Assessment 2016--Little Brother

Little Brother turned 3 years old this school year.  We set no academic goals for him because

A.  he's a very, very little boy who needs to grow and play
B.  our primary goal was healing and family integration
C.  I needed time to observe and get to know him before setting any goals.

How is Little Brother doing?

He's healing:  he's got lots of big, scary feelings in his small body, and they come out in bursts of crazy, out-of-control temper.  However, he's learning how to control that temper, and his outbursts are fewer and of shorter duration than they used to be.  We use the cues, "Quiet hands.  Quiet feet.  Quiet mouth," and those cues seem to be working.  He does better if his quiet place is outside rather than inside (which is great in spring and autumn, not so great in winter or full summer).

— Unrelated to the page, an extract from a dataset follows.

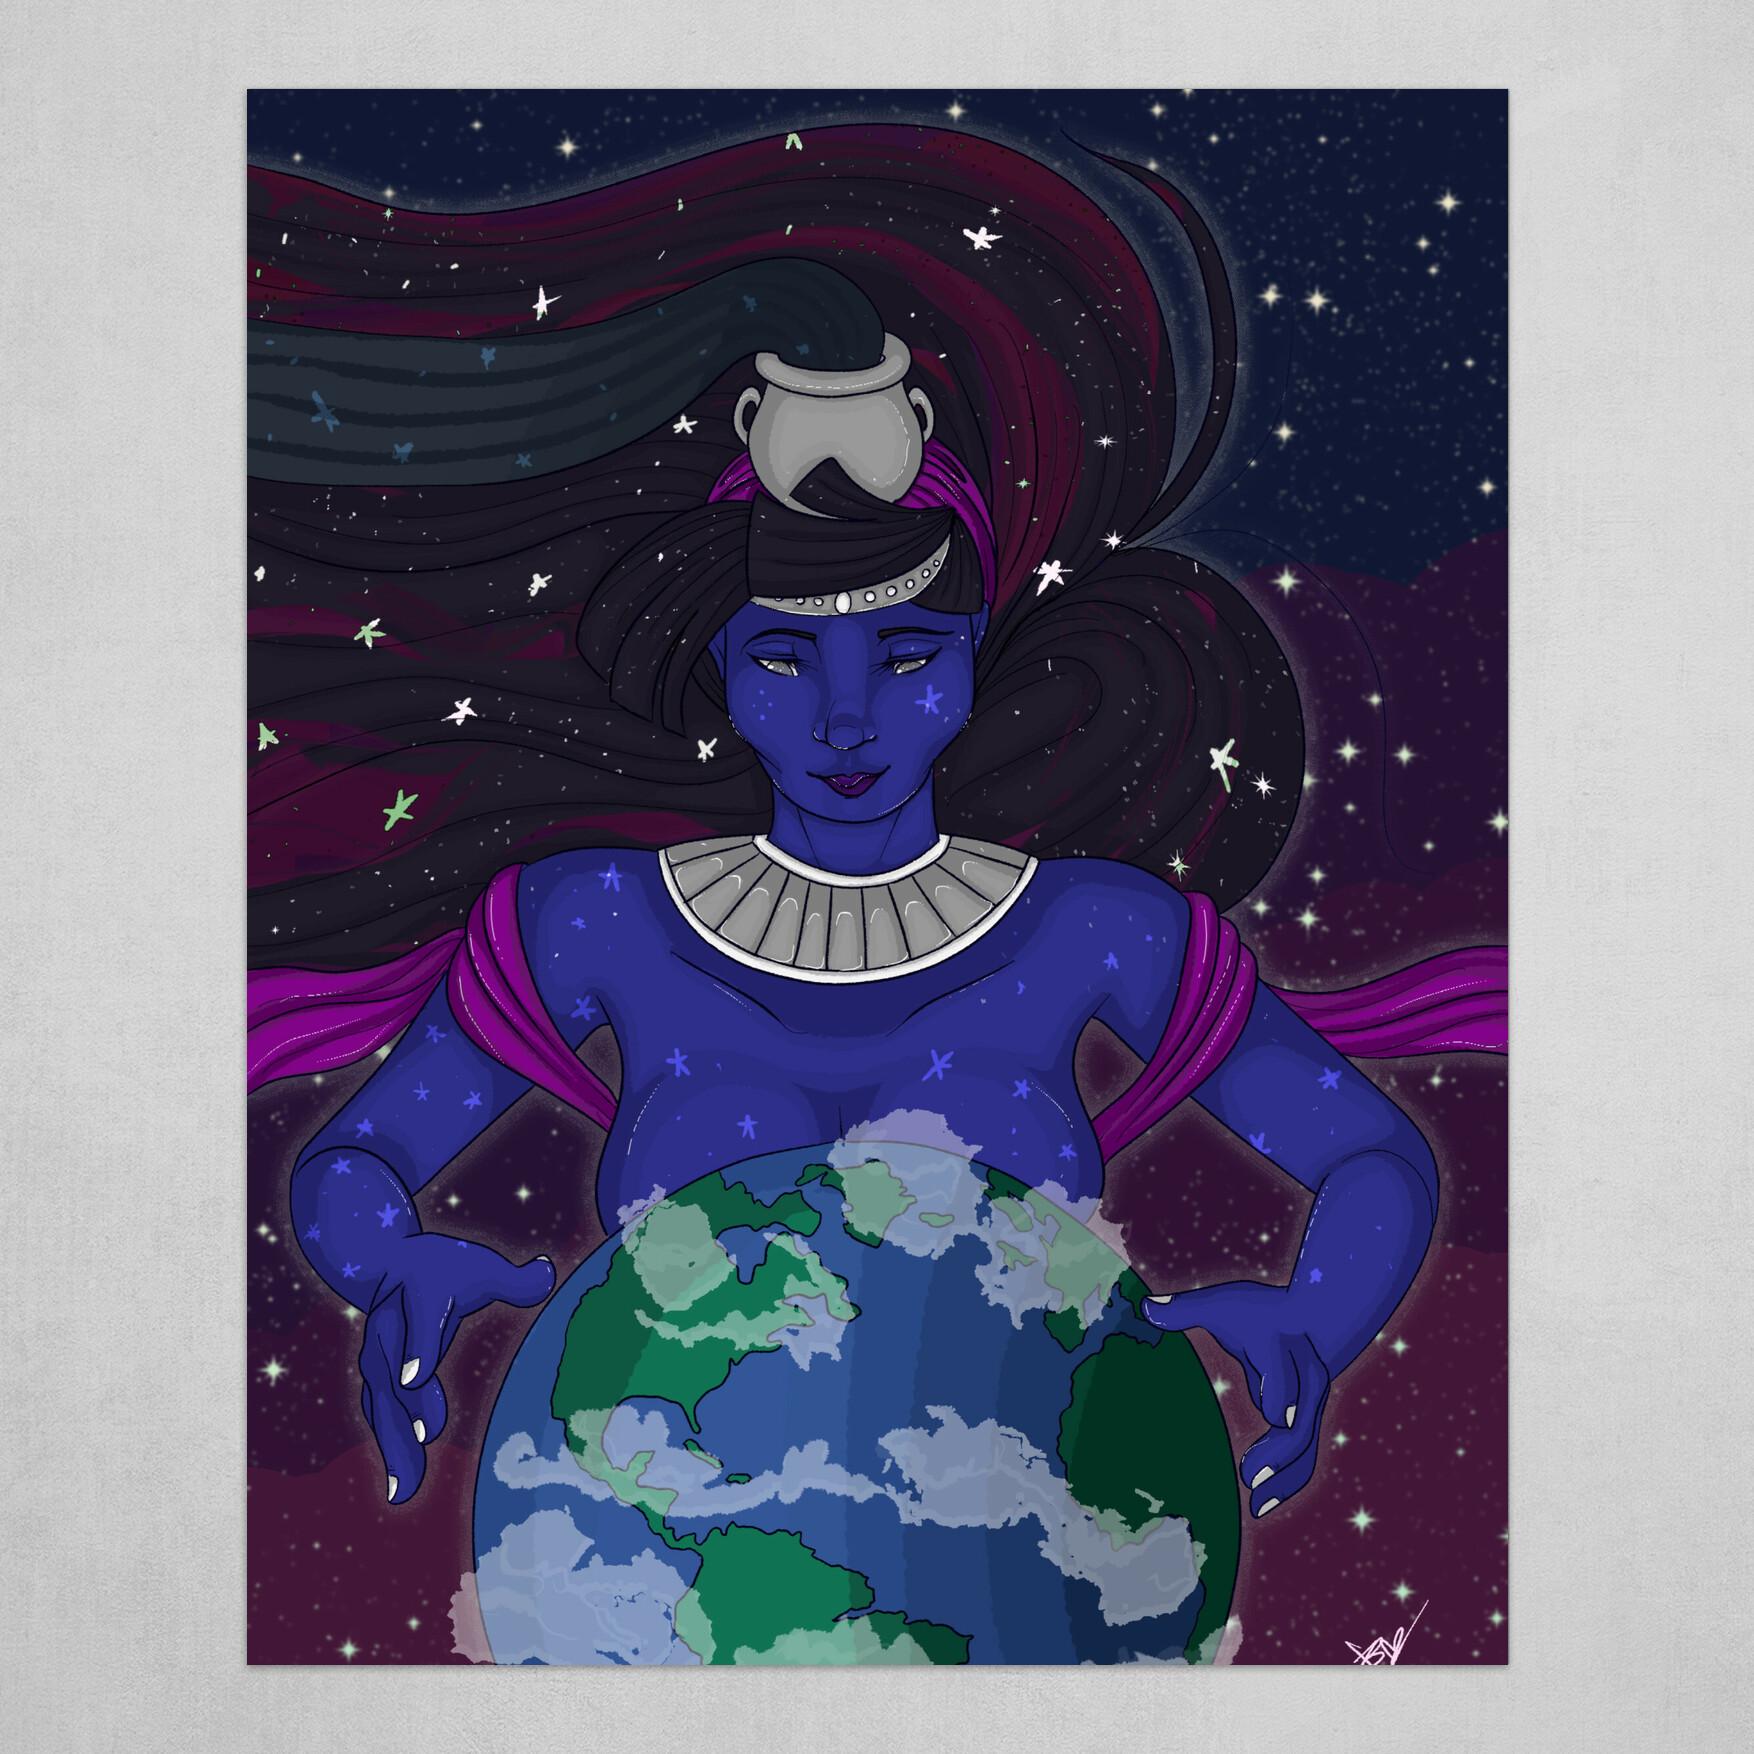 Mistress of the Heavens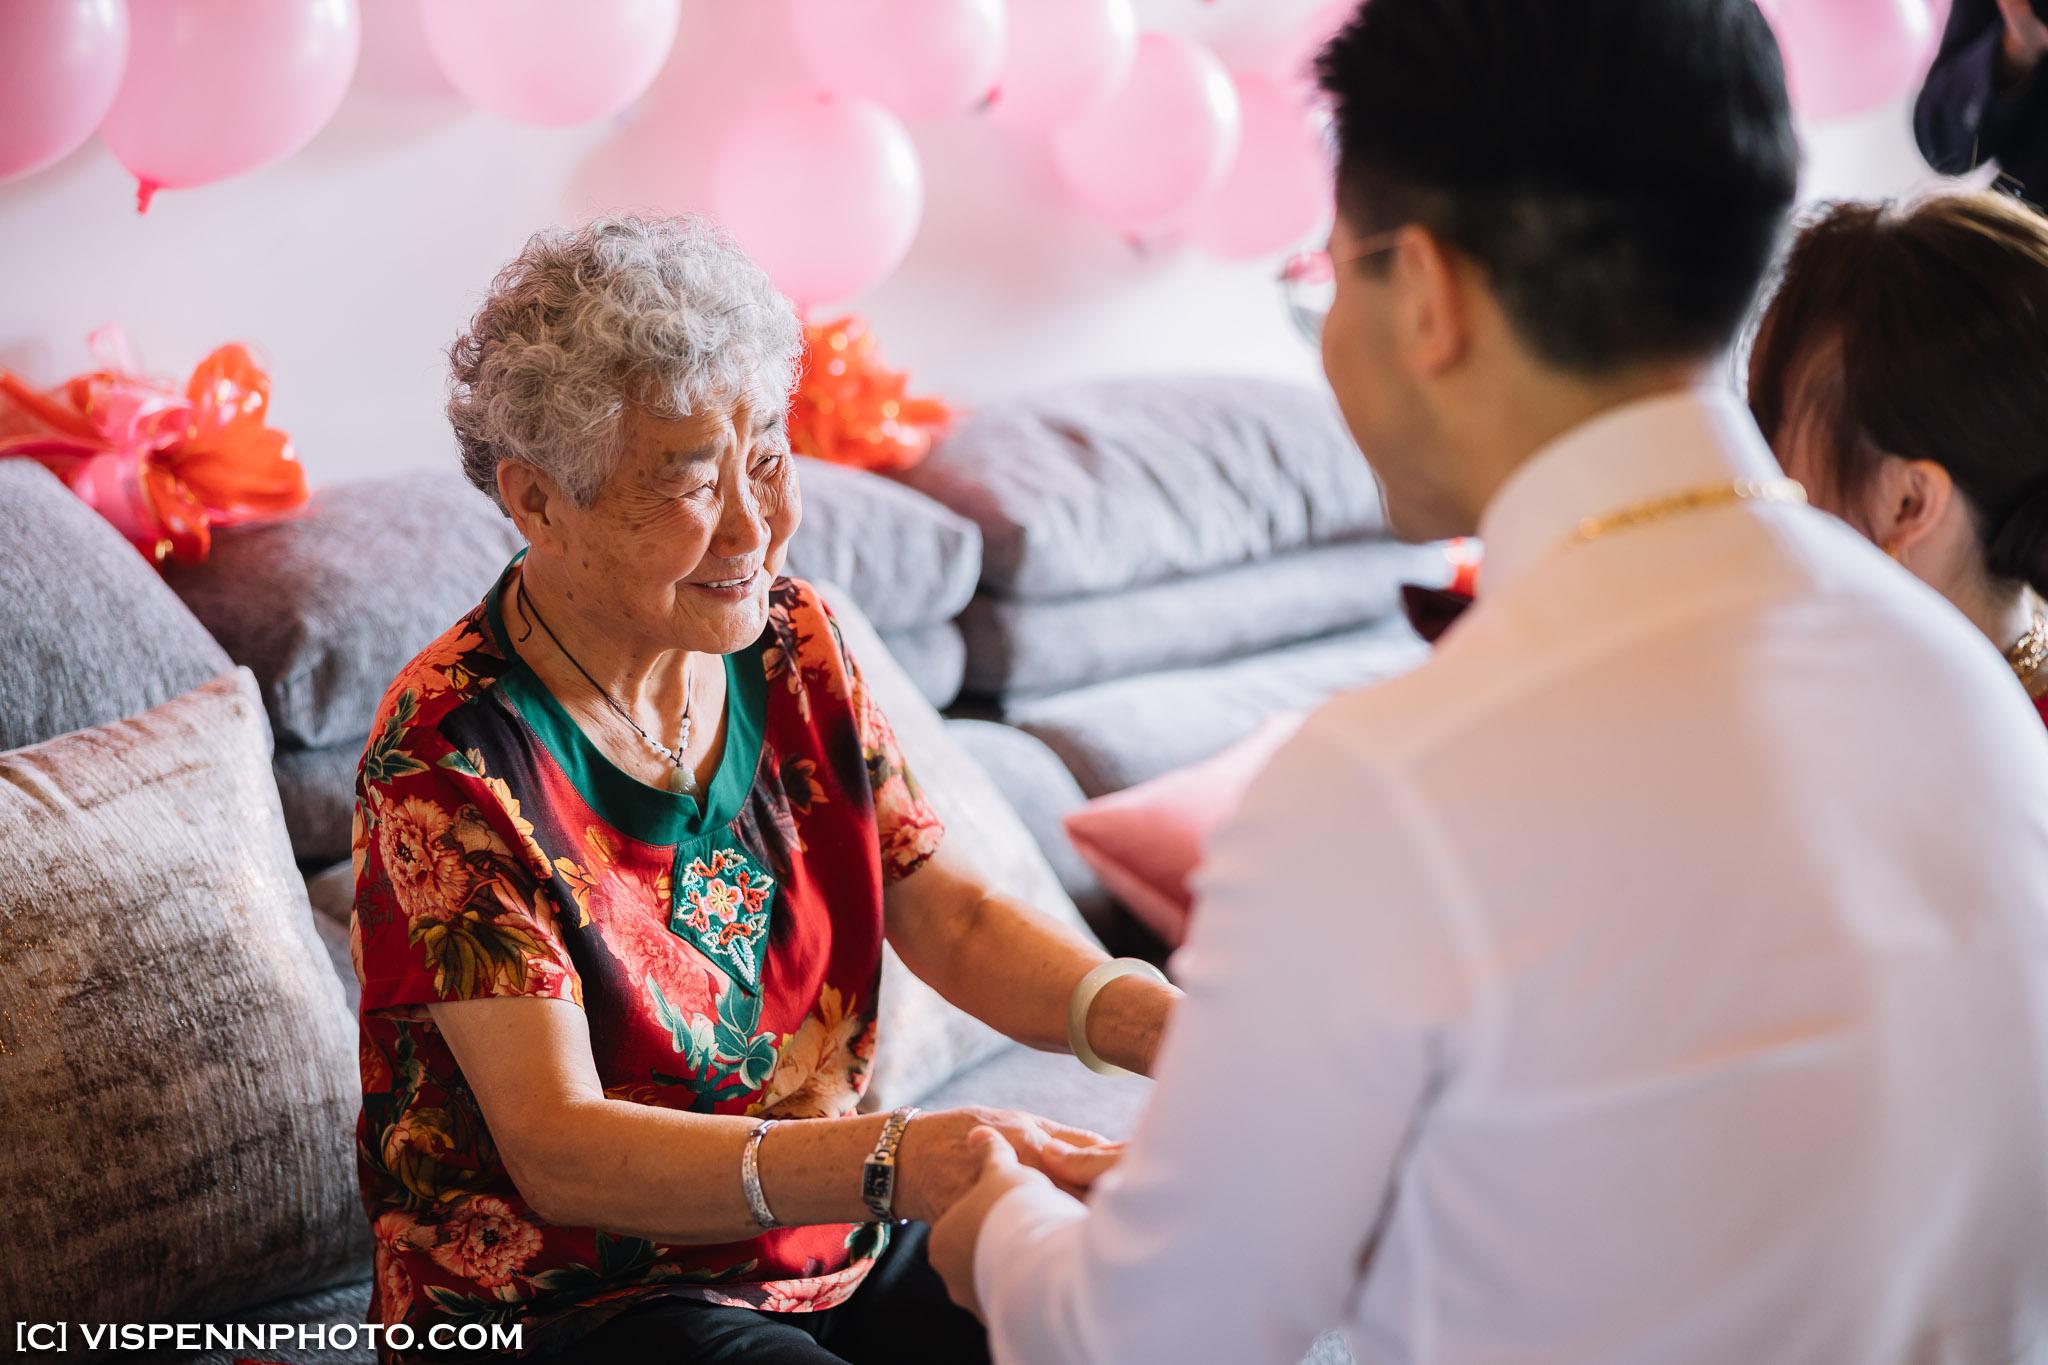 WEDDING DAY Photography Melbourne VISPENN 墨尔本 婚礼跟拍 婚礼摄像 婚礼摄影 结婚照 登记照 ElitaPB 03195 1P EOSR VISPENN

His gross motor skills are awesome!

His fine motor skills are truly delayed, so are his critical thinking skills.  He can neither dress nor undress himself; he struggles to feed himself with anything other than his hands; he can barely keep a crayon in his hands to scribble a few marks on a page, and he struggles mightily to solve problems such as how to fix a train track that has been disassembled by one of the babies.

He can learn processes as long as they are explicitly laid out and demonstrated for him.  For example, he's potty training right now, and as he approaches the toilet he'll stand there motionless until I ask, "What do you do first?"  He'll smile and say, "Take off my pants." Then I'll cue him to do that, followed by, "What's next?"  And so forth and so on.

Sometimes we have to skip it all, and I just help him . . . there's only so much waiting a 3 year old boy can do when he has to go potty!
I've been doing lots of reading about sensory processing disorders. It was a comment by the OT who assessed him recently that got my brain going in this direction. I'm starting to think that some of Little Brother 's behaviors are due to bring a sensory craving kind of kid. He's certainly not extreme, but I see too many signs to ignore.
What does this mean practically?

We will let Little Brother continue to be a little boy who plays, runs, jumps, builds, digs, climbs, and explores as much as possible. In addition we will work on self care skills--taking off and putting on clothes, using a spoon and fork to eat, cleaning up toys, using words rather than tantrums to express himself, expanding his vocabulary so that he has words to use, and potty training.  We'll read stories and provide lots of sensory experiences (i.e. sand play, water play, playdough, rough and tumble play, etc.).  We'll also start some fine motor work with him, but nothing he'd think of as work; mostly we'll just play with Legos and Bristle Blocks and provide opportunities to hold crayons in his hands whenever summer thunderstorms keep us indoors.


  1. I love Little Brother. You make me love him more.